BTW I did find 1-2 syntax errors in line 44 & 75 ish (missing curly brackets), at least according to the FM sievetester. I had to do a trial & error to figure out where they belong

)

xyzzy · 20 Jun 2023, 06:28 AM

Quote:

Originally Posted by qwertz123456

Thanks, that's good to know. A bit counter-intuitive from my view, but now I know

I think that gets everybody at first!

Quote:

BTW, I do not have a "Junk" folder in my account. I believe I deleted that and I'm only using the Spam and Verified Spam folder.

\\Junk is the spam folder! That's how you reference it your Sieve code (ignoring "specialuse" - let's not get into that).

Quote:

I currently have all my sieve script code in the 1. text box in the sieve script editor (whitelisted emails, whitelisted domains, blocked emails addresses, blocked domains, blocked header and subject texts etc.)

I said in post #63 that code that checks the spam score goes into the Sieve edit box immediately following Section 3 (Sieve generated for spam protection).
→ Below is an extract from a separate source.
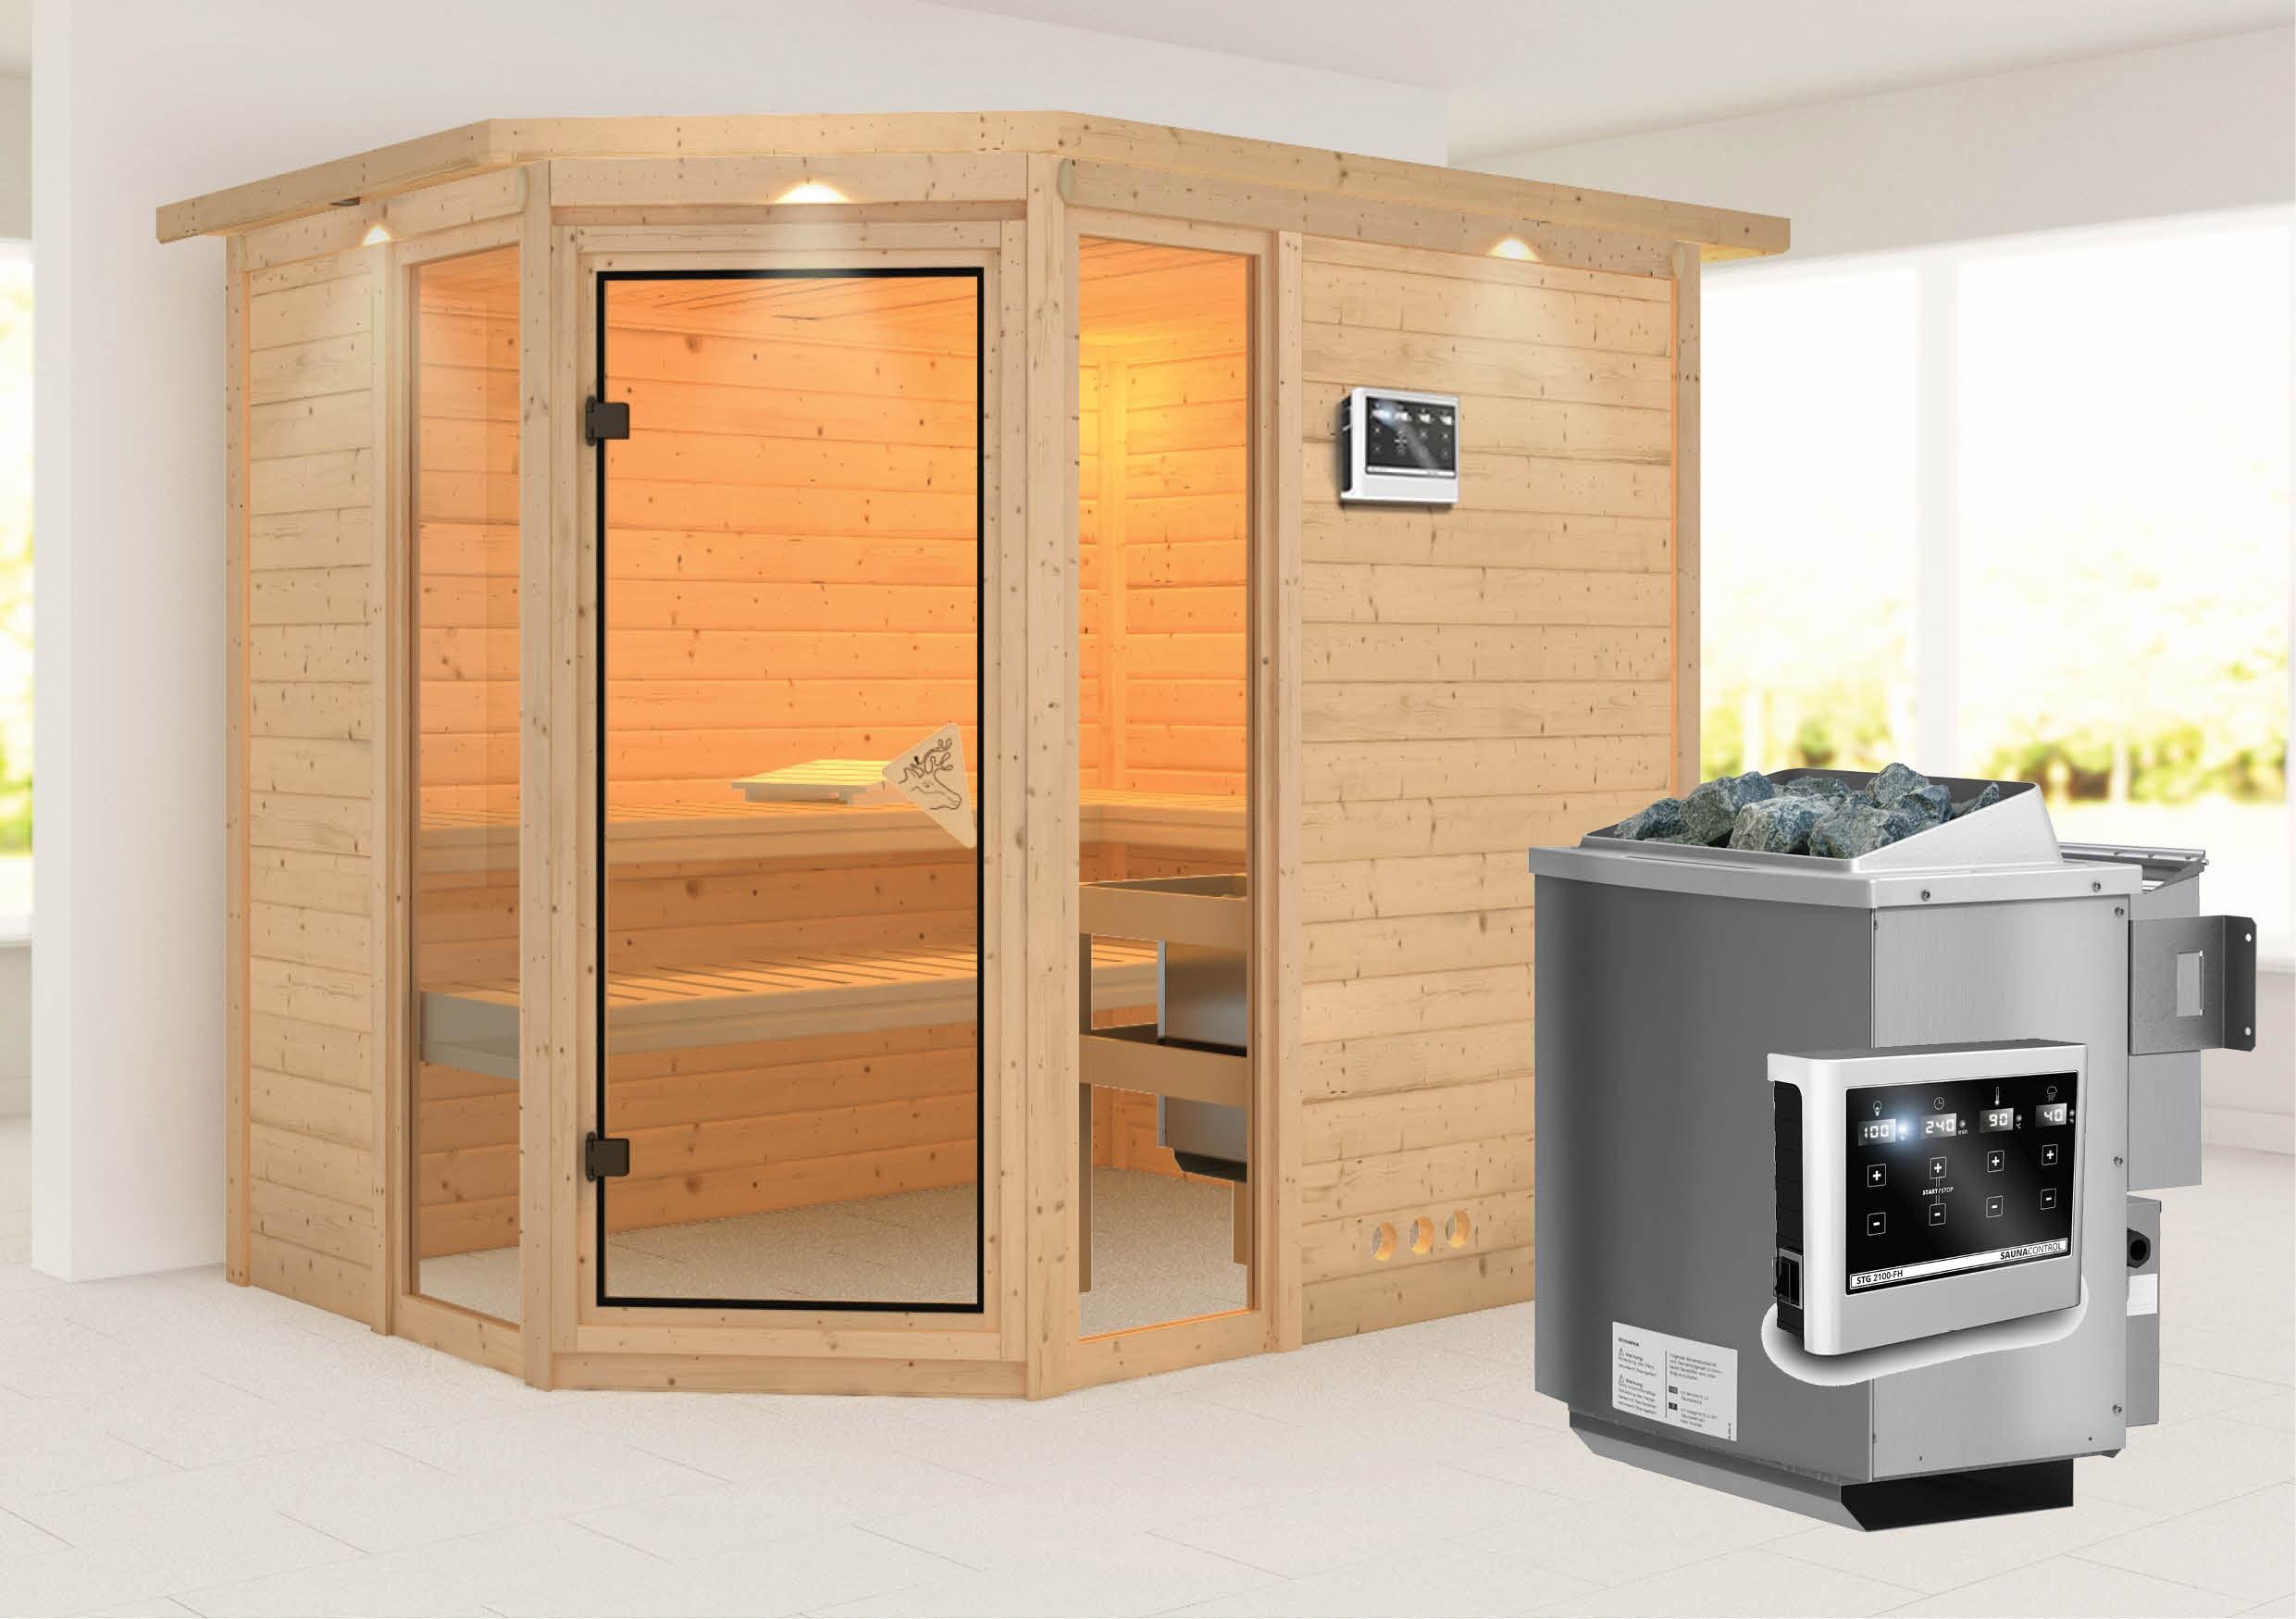 karibu sauna sinai3 40mm dachkranz bio ofen 9kw extern classic t r bei. Black Bedroom Furniture Sets. Home Design Ideas

That would be the second text edit box. The initialization code goes into the fist text edit box following the require statement at the beginning.

Quote:

BTW I did find 1-2 syntax errors in line 44 & 75 ish (missing curly brackets), at least according to the FM sievetester. I had to do a trial & error to figure out where they belong

)

Don't know. I thought the little snippet of code for testing the scores was complete with all it's braces matched up. I did however construct that from mine which has additional code there to do stuff not worth mentioning here.

FWIW and FYI, in my posts referencing Sieve code locations I always describe locations relative to what I refer to as the "Sieve section numbers". Those are the numbered titles you see in the FM Sieve generated code (the parts you cannot edit). For example "### 3. Sieve generated for spam protection". Those numbered section make good land marks. I think it's more accurate than referencing the "first text edit box", "second text edit box", etc. There used to be more text edit sections than there are now so it avoided confusion on having to count which text edit box is which. Referencing your line numbers is useless since they only have meaning to you own script.